Nettie herself, even while amongst people who like and respect her, continues to write to her sister long after she accepts that Celie is not reading them. Again: the sisters could have been writing journals. They didn’t because telling themselves that somebody was on the other side reading them was part of what kept them going. And in fact, it was by finding Nettie’s letters that Celie could finally let the rage she’d been bottling up through a lifetime of abuse overflow.
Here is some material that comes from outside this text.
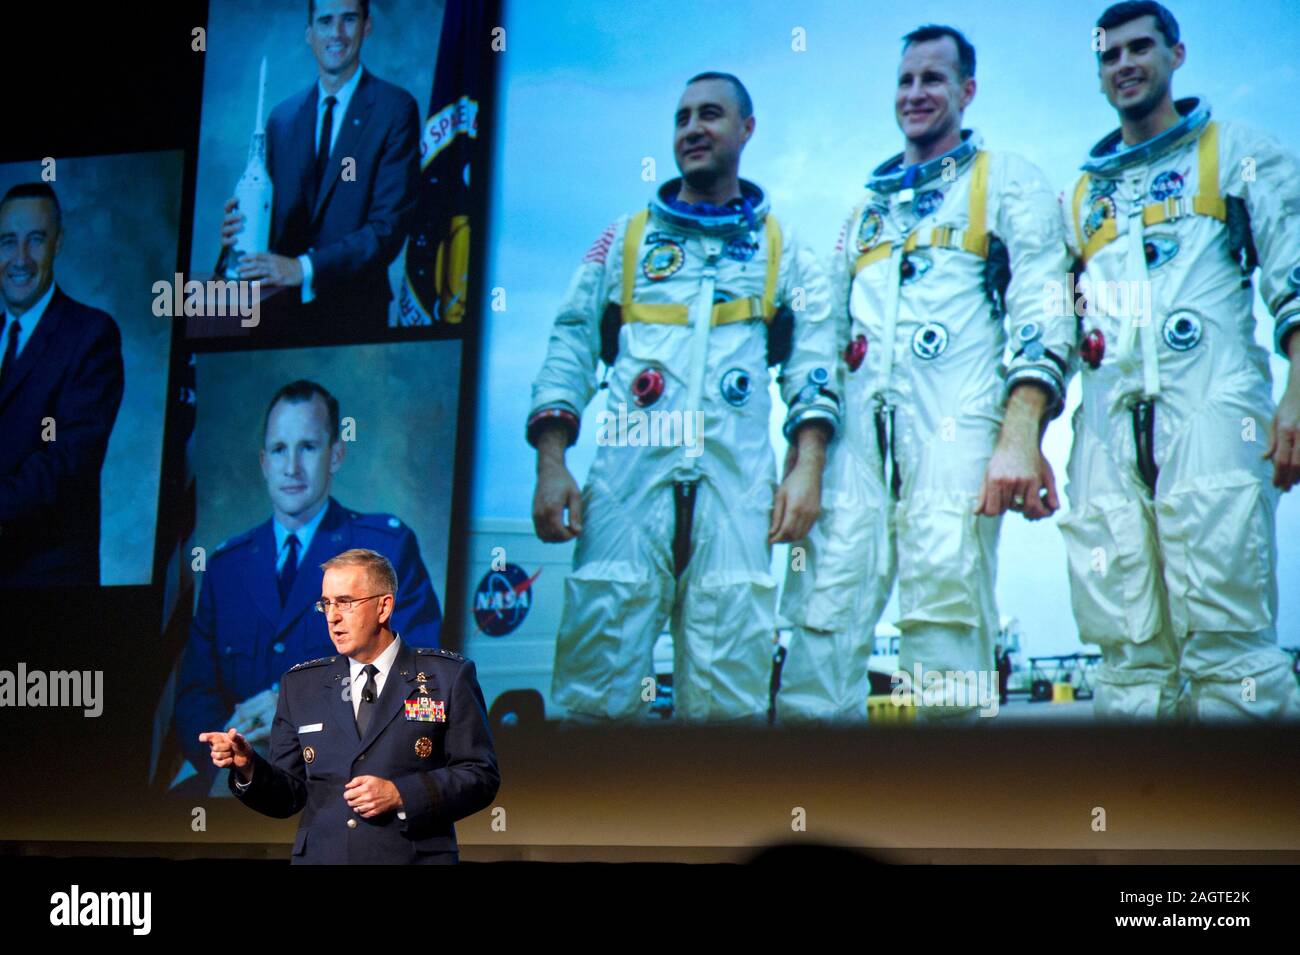 US Air Force général et vice-président de l'état-major John Hyten parle de l'espace à l'espace 2019 Symposium à Colorado Springs aux États-Unis. Banque D'Images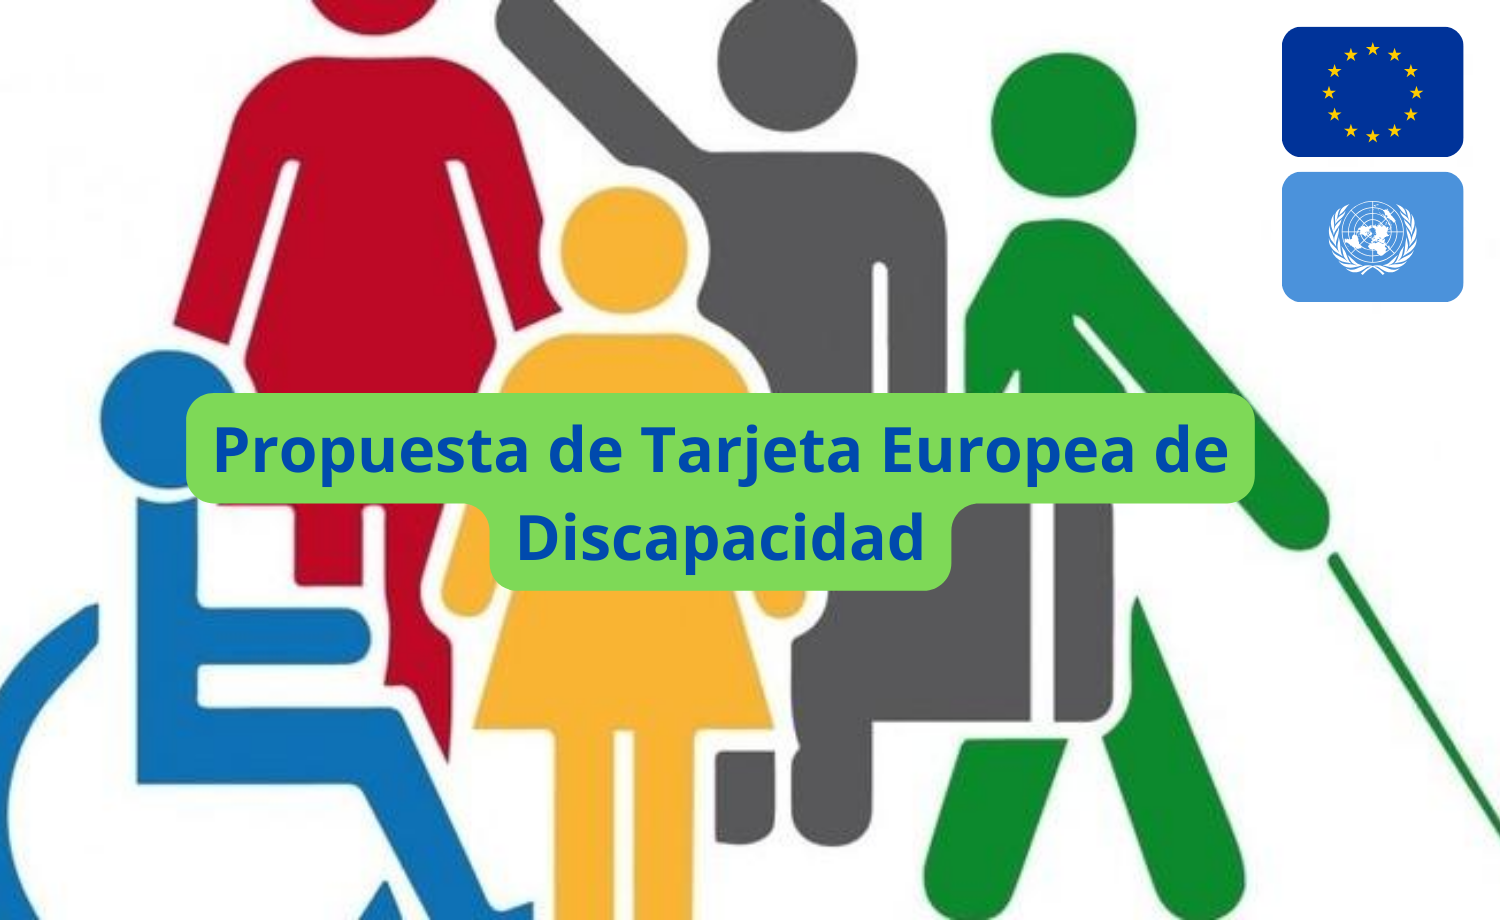 Propuesta de Tarjeta Europea de Discapacidad

To Process Your Thoughts and Feelings

The view on letter-writing tends to be practical: people write to get messages across. While this is true, it’s not the whole story. Pouring one’s thoughts and emotions onto paper often acts like a valve: it can take the poison out of it. We can infer that this was the case for Mr. Darcy in Pride and Prejudice: at the close of the novel, when he and Elizabeth are discussing the letter he wrote after that trainwreck of a first proposal, they have a telling exchange.

“When I wrote that letter,” replied Darcy, “I believed myself perfectly calm and cool, but I am since convinced that it was written in a dreadful bitterness of spirits.”

“The letter, perhaps, began in bitterness, but it did not end so. The adieu is charity itself.”

I believe that it was the act of writing this letter that filtered the anger out of Darcy. By going through his thoughts and feelings on paper, his resentment vanished. Good thing for him, too – I don’t see Elizabeth accepting even a second proposal otherwise.

In The Color Purple, Nettie writes:

“I remember one time you said your life made you feel so ashamed you couldn’t even talk about it to God, you had to write it, bad as you thought your writing was.”

Celie could have talked to God, silently or out loud, but she didn’t. She chose to write. Putting quill to paper, she found the courage to let herself feel her sorrow. As Nettie’s letter continues, she states that she can now relate:

“Well, now I know what you meant. (…) When I don’t write to you, I feel as bad as I do when I don’t pray, locked up in myself and choking on my own heart.”

Nothing good has ever come from choking down on your feelings. Writing their letters helped both Celie and Nettie come to terms with theirs.

Let’s Get To Writing Letters

I’m not the only one who loves reading letters. Look at some popular books of the last couple of decades: The Guernsey Literary and Potato Peel Pie Society, The Downstairs Girl, and Dear Mrs. Bird are only some of the (at least partly) epistolary novels that have captured the public’s imagination recently. Why not channel the spirit of their characters and get to writing letters ourselves?